Performance Profiler
import time
class RLPerformanceProfiler:
"""Profile RL system performance."""
def __init__(self, rl_manager):
"""
Args:
rl_manager: RLManager instance
"""
self.rl_manager = rl_manager
self.metrics = {
"select_times": [],
"update_times": [],
"persist_times": []
}
def profile_selection(self, query: str, top_n: int = 2):
"""Profile tool selection performance."""
start = time.time()
selected, state_key = self.rl_manager.select_tools(query, top_n=top_n)
duration = time.time() - start
self.metrics["select_times"].append(duration)
return selected, state_key, duration
def profile_update(self, state_key: str, tool: str, reward: float):
"""Profile Q-value update performance."""
start = time.time()
self.rl_manager.update(state_key, tool, reward)
duration = time.time() - start
self.metrics["update_times"].append(duration)
return duration
def profile_persistence(self):
"""Profile Q-table persistence performance."""
start = time.time()
self.rl_manager.force_persist()
duration = time.time() - start
self.metrics["persist_times"].append(duration)
return duration
def generate_performance_report(self):
"""Generate performance report."""
print("=== RL Performance Profile ===\n")
# Selection performance
if self.metrics["select_times"]:
avg_select = sum(self.metrics["select_times"]) / len(self.metrics["select_times"])
print(f"Tool Selection:")
print(f" Avg: {avg_select*1000:.2f}ms")
print(f" Min: {min(self.metrics['select_times'])*1000:.2f}ms")
print(f" Max: {max(self.metrics['select_times'])*1000:.2f}ms")
print()
# Update performance
if self.metrics["update_times"]:
avg_update = sum(self.metrics["update_times"]) / len(self.metrics["update_times"])
print(f"Q-Value Update:")
print(f" Avg: {avg_update*1000:.2f}ms")
print(f" Min: {min(self.metrics['update_times'])*1000:.2f}ms")
print(f" Max: {max(self.metrics['update_times'])*1000:.2f}ms")
print()
# Persistence performance
if self.metrics["persist_times"]:
avg_persist = sum(self.metrics["persist_times"]) / len(self.metrics["persist_times"])
print(f"Persistence:")
print(f" Avg: {avg_persist*1000:.2f}ms")
# Usage
profiler = RLPerformanceProfiler(rl_manager)
# Profile operations
for i in range(100):
query = f"Test query {i}"
# Profile selection
selected, state_key, select_time = profiler.profile_selection(query)
# Profile update
reward = 0.8
for tool in selected:
update_time = profiler.profile_update(state_key, tool, reward)
# Profile persistence
persist_time = profiler.profile_persistence()
# Generate report
profiler.generate_performance_report()
🎓 Best Practices
1. Monitor Continuously
# ✅ Set up continuous monitoring
dashboard = RLMonitoringDashboard(rl_manager)

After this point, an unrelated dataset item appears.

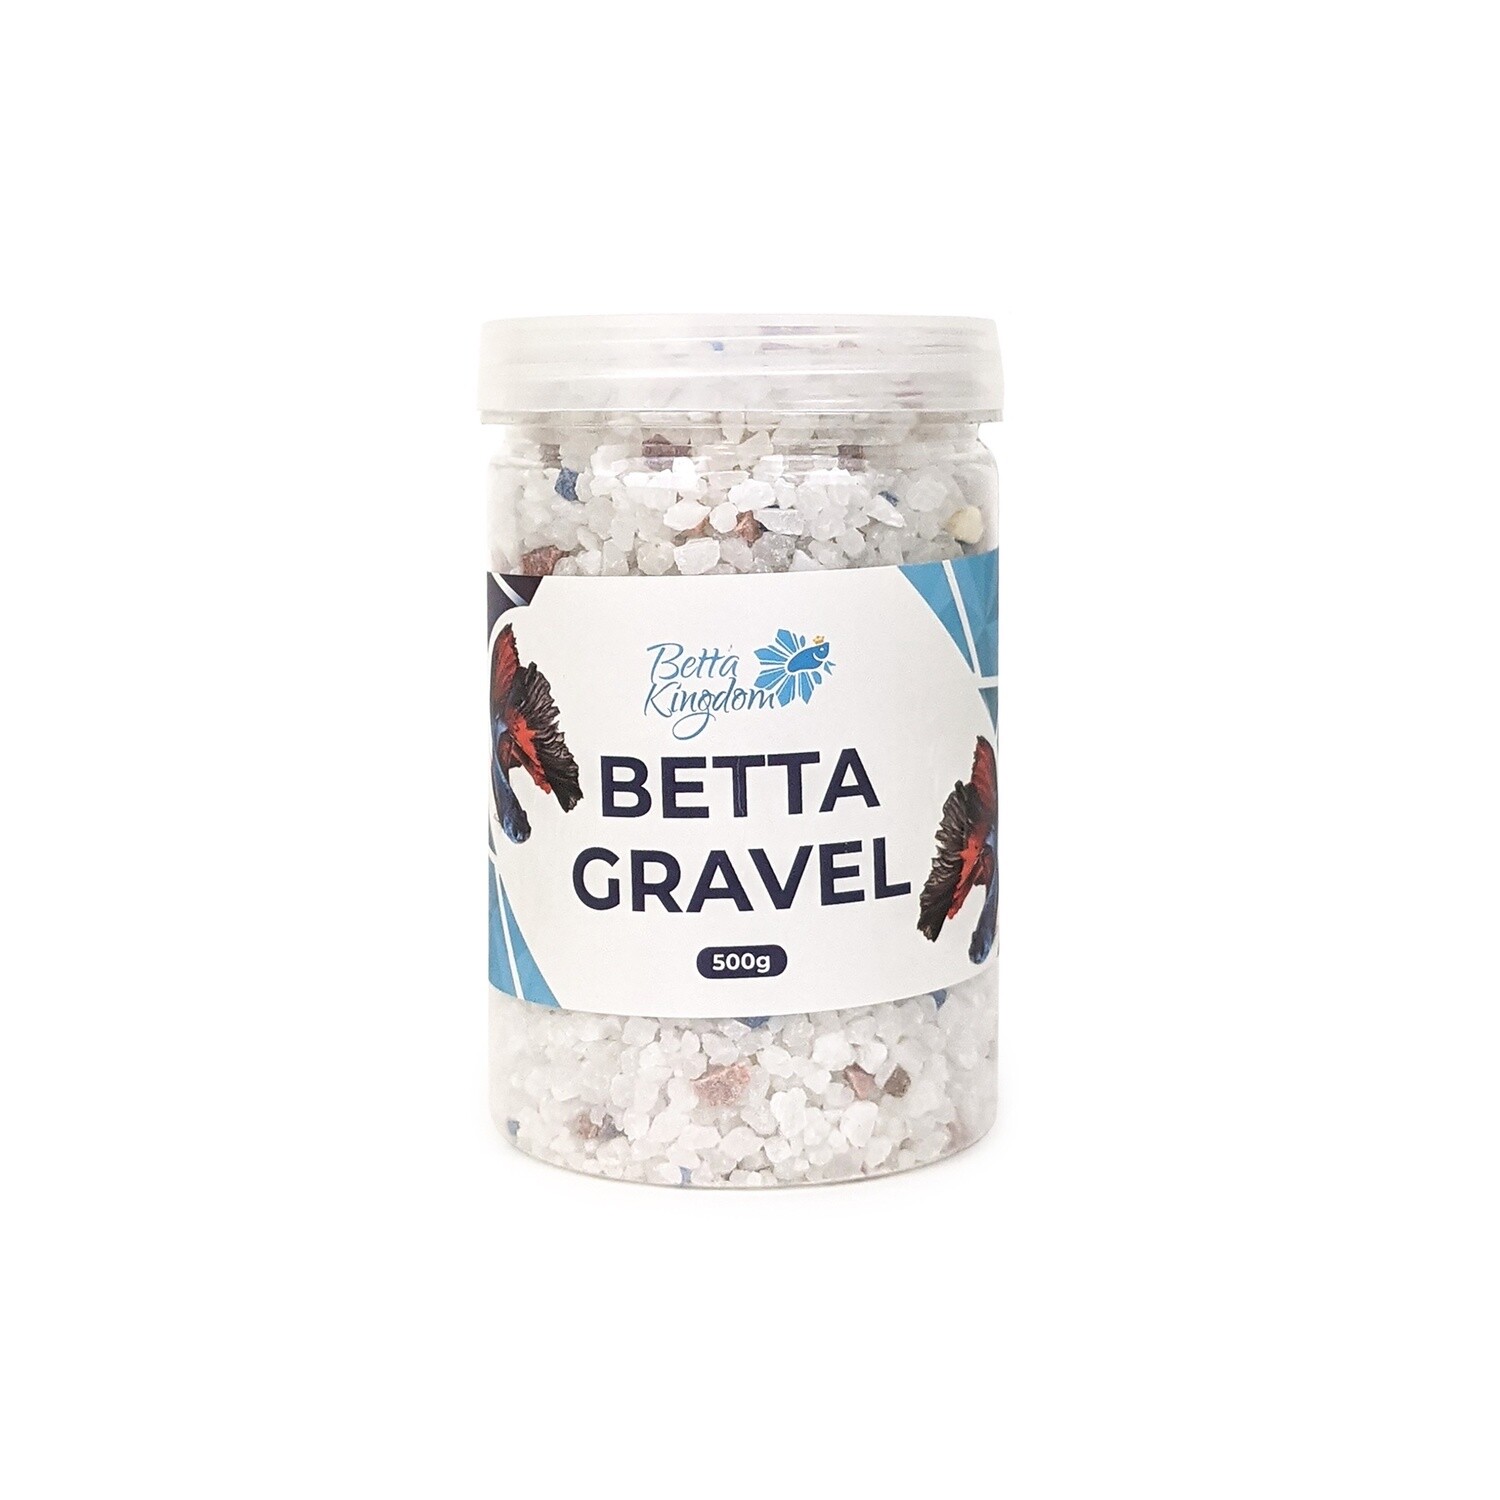 Betta Kingdom Gravel 500g, Colour: Natural White

detector = RLAnomalyDetector(rl_manager)
# Run checks regularly
for interaction in production_loop():
dashboard.record_interaction(...)
if interaction % 100 == 0:
detector.run_full_check()
2. Alert on Anomalies
# ✅ Configure alerts
alert_thresholds = {
"min_q_value": -0.3,
"max_exploration_rate": 0.5,
"min_state_visits": 5
}
detector = RLAnomalyDetector(rl_manager, alert_thresholds)

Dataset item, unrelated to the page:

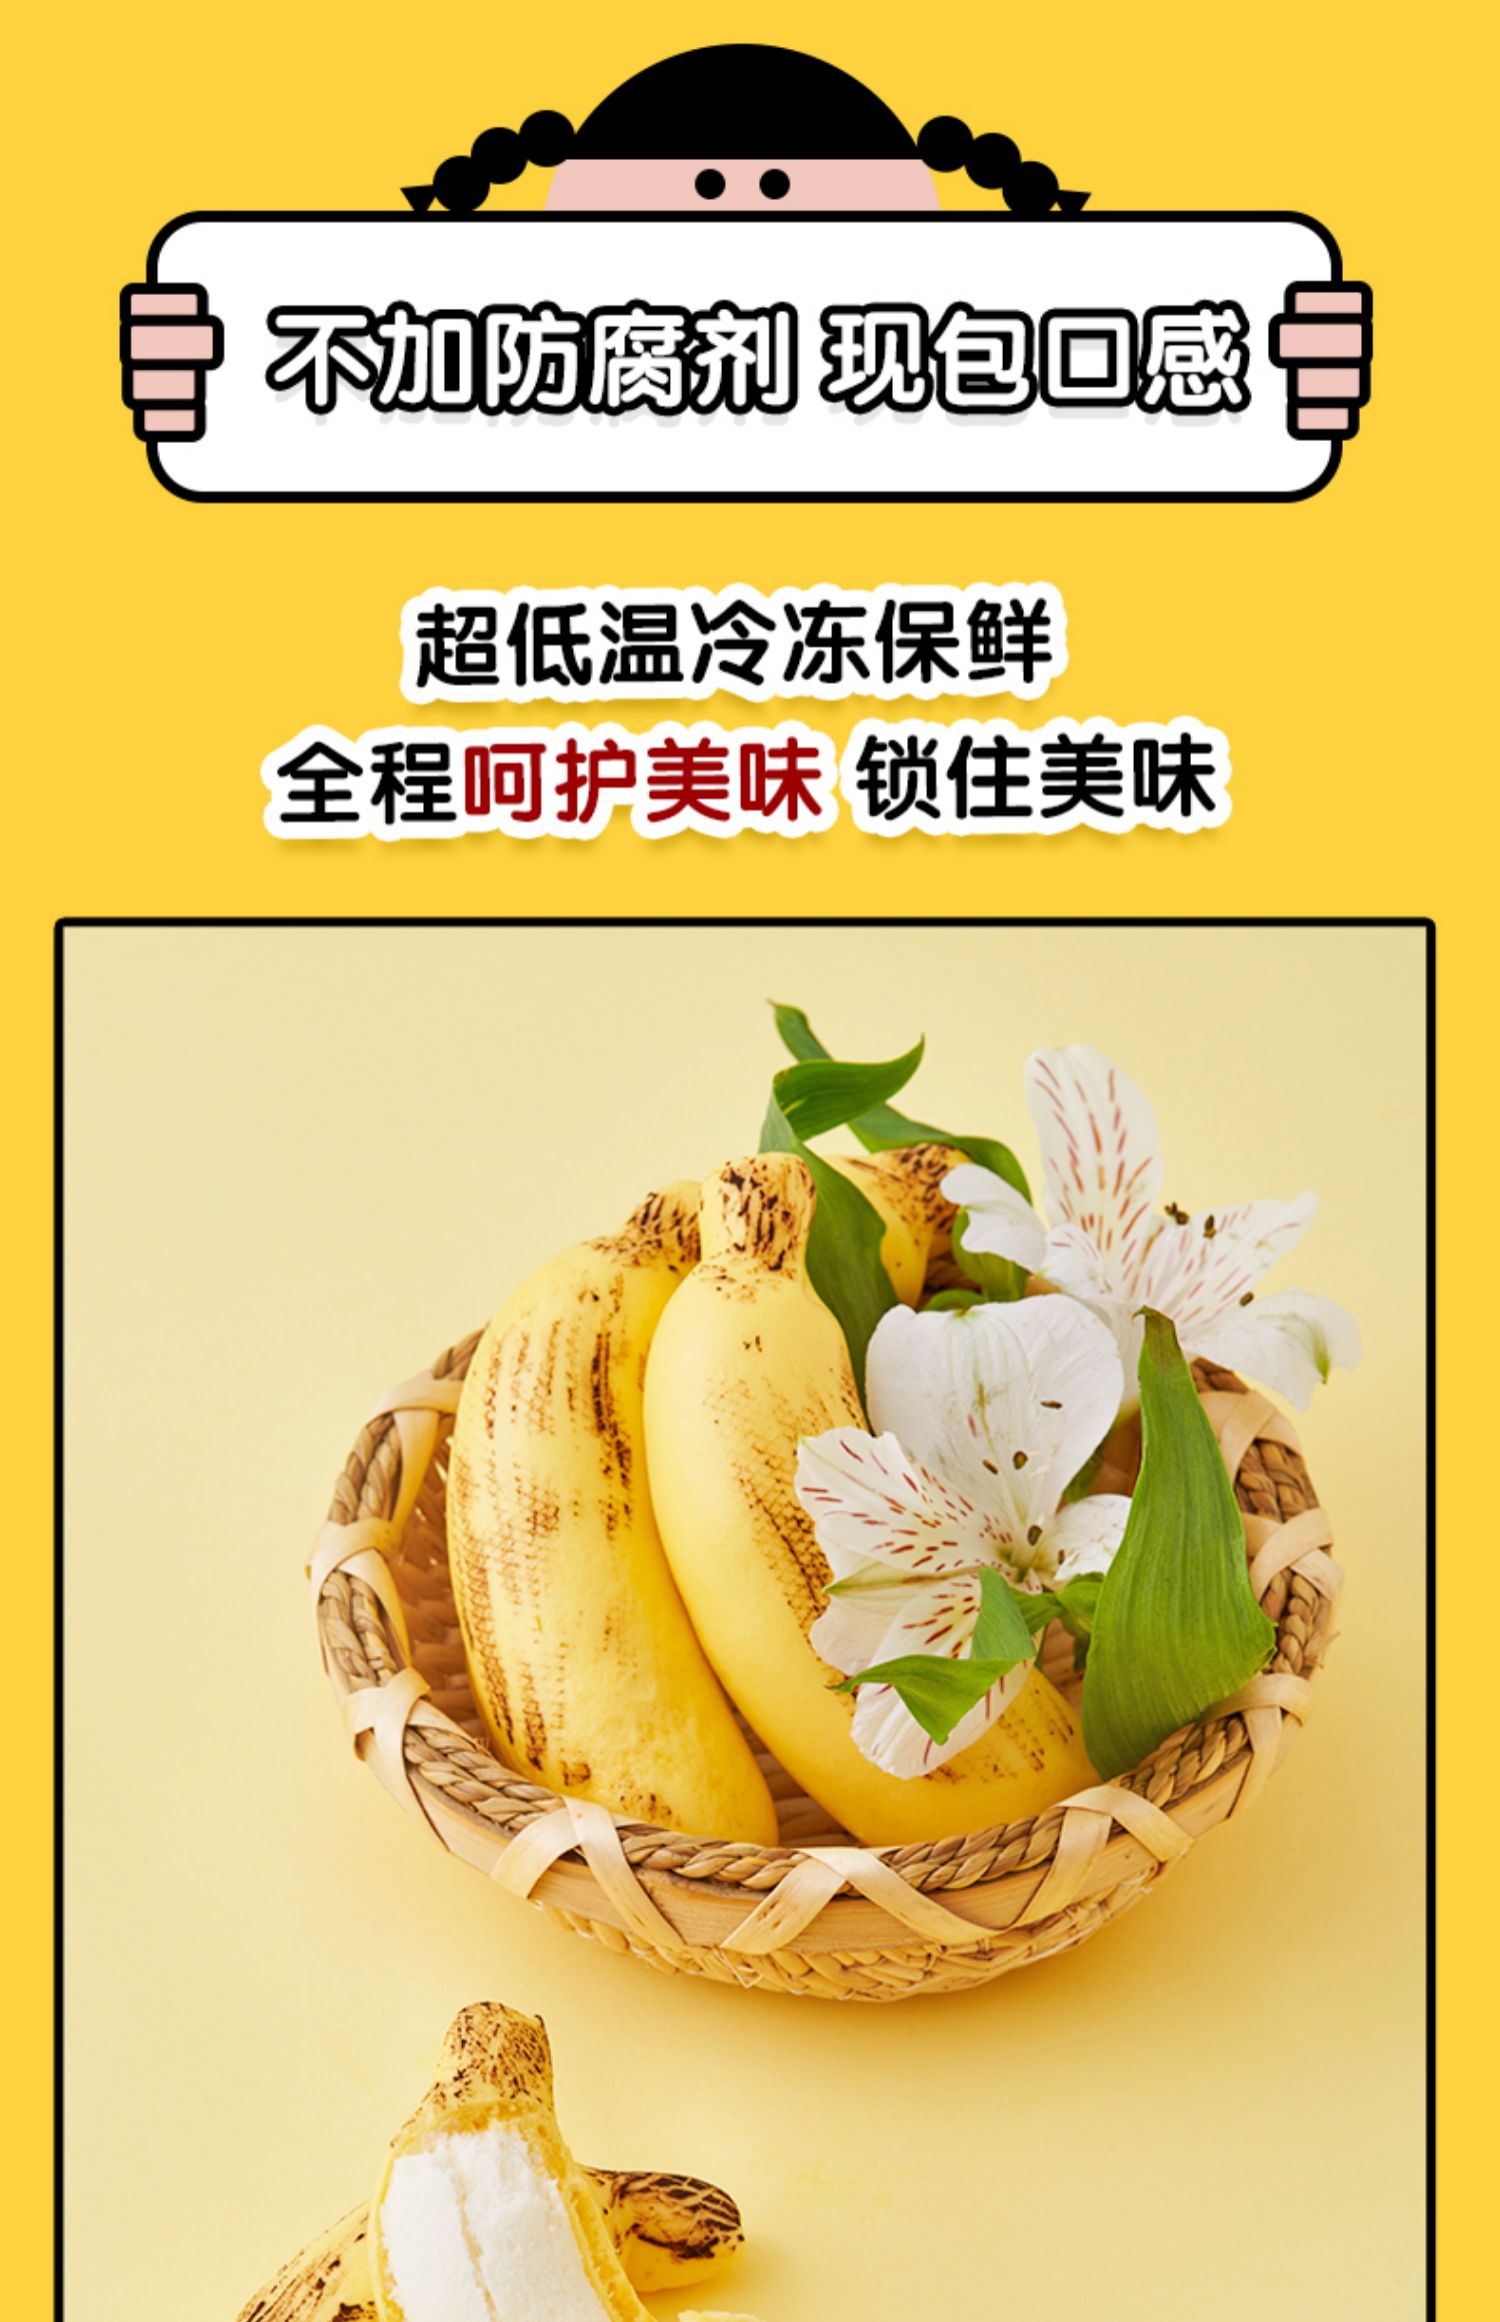 【北记】2包慕斯香蕉包速食营养早餐

3. Track Q-Value Convergence
# ✅ Monitor convergence
tracker = QValueTracker(rl_manager)
for epoch in training_loop():
train_epoch()
if epoch % 10 == 0:
tracker.snapshot()
convergence = tracker.get_convergence_metrics()

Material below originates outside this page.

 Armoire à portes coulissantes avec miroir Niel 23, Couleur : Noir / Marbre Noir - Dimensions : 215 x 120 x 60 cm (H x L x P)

if convergence["converged"]:
break
4. Generate Regular Reports
# ✅ Schedule periodic reports
import schedule
def generate_reports():
analyzer.generate_tool_report()
state_analyzer.generate_state_quality_report(important_queries)
viz_suite.create_comprehensive_dashboard()
schedule.every().day.at("02:00").do(generate_reports)
🎯 Summary
Azcore provides comprehensive monitoring tools:
- Real-Time Metrics: Live system statistics and dashboards
- Q-Value Tracking: Monitor learning progress and convergence
- Tool Performance Analysis: Detailed tool-level analytics
- State Quality Reports: Analyze learned state quality
- Visualization Tools: Rich visualizations for insights
- Alerting: Automatic anomaly detection and alerting
- Debugging: Detailed trace logging and debugging
- Performance Profiling: Optimize system performance
Use these tools to ensure your RL system is healthy, learning effectively, and performing optimally in production.